On a side note, I don't see any reason to use three separate lookaheads, as you did here:
(?:(?!http://)(?!testing[0-9])(?!example[0-9]).)*?
Just OR them together:
(?:(?!http://|testing[0-9]|example[0-9]).)*?
EDIT: We seem to have moved from the question of why the regex throws exceptions, to the question of why it doesn't work. I'm not sure I understand your requirements, but the regex and replacement string below return the results you want.
s1 = re.sub(r'^((?!http://|testing[0-9]|example[0-9]).*?)(CODE[0-9]{3})(?!</a>)',
r'\g<1>\g<2>', s)
see it in action one ideone.com
Is that what you're after?
EDIT: We now know that the replacements are being done within a larger text, not on standalone strings. That's makes the problem much more difficult, but we also know the full URLs (the ones that start with http://) only occur in already-existing anchor elements. That means we can split the regex into two alternatives: one to match complete <a>...</a> elements, and one to match our the target strings.
(?s)(?:(<a\s+[^>]*>.*?</a>)|\b((?:(?!testing[0-9]|example[0-9])\w)*?)(CODE[0-9]{3}))
The trick is to use a function instead of a static string for the replacement. Whenever the regex matches an anchor element, the function will find it in group(1) and return it unchanged. Otherwise, it uses group(2) and group(3) to build a new one.
here's another demo (I know that's horrible code, but I'm too tired right now to learn a more pythonic way.)
The only problem I see is that you replace using the wrong capturing group.

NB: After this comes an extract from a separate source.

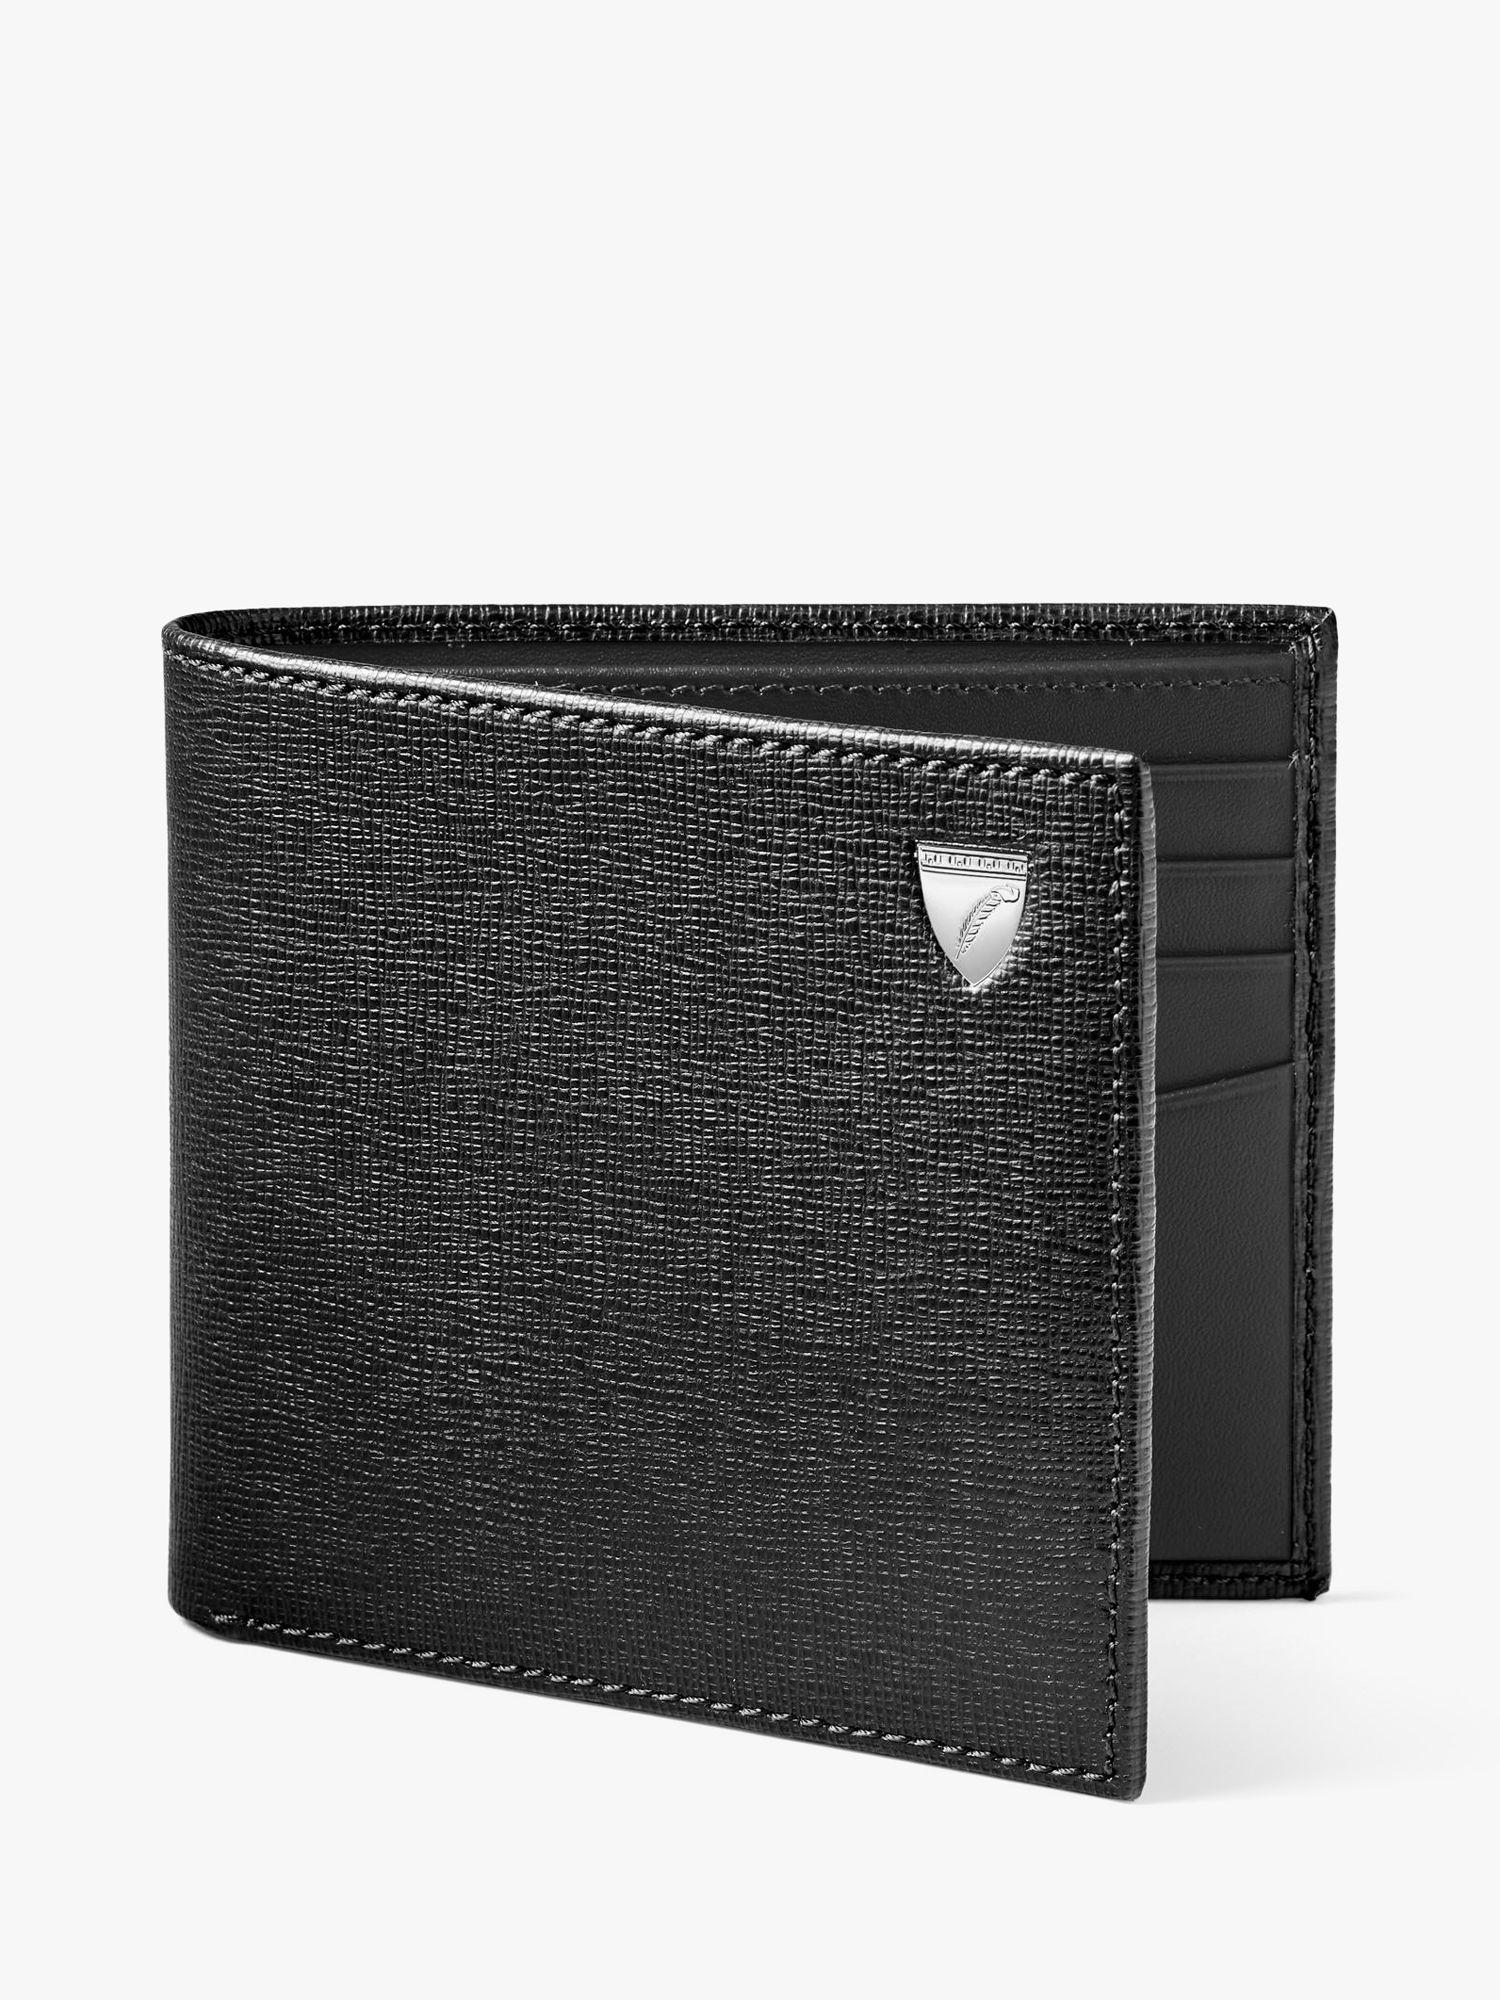 Aspinal of London 8 Card Billfold Saffiano Leather Wallet, Black at ...

modified=re.sub(r'^(?i)((?:(?!http://)(?!testing[0-9])(?!example[0-9]).)*?)(?-i)(CODE[0-9]{3})(?!</a>)',r'\g<1>',input)
^ ^ ^
first capturing group second one using the first group
Here I made the first one also a non capturing group
^(?i)(?:(?:(?!http://)(?!testing[0-9])(?!example[0-9]).)*?)(?-i)(CODE[0-9]{3})(?!</a>)
See it here on Regexr
For complex regexes, use the re.X flag to document what you're doing and to make sure the brackets match up correctly (i.e. by using indentation to indicate the current level of nesting).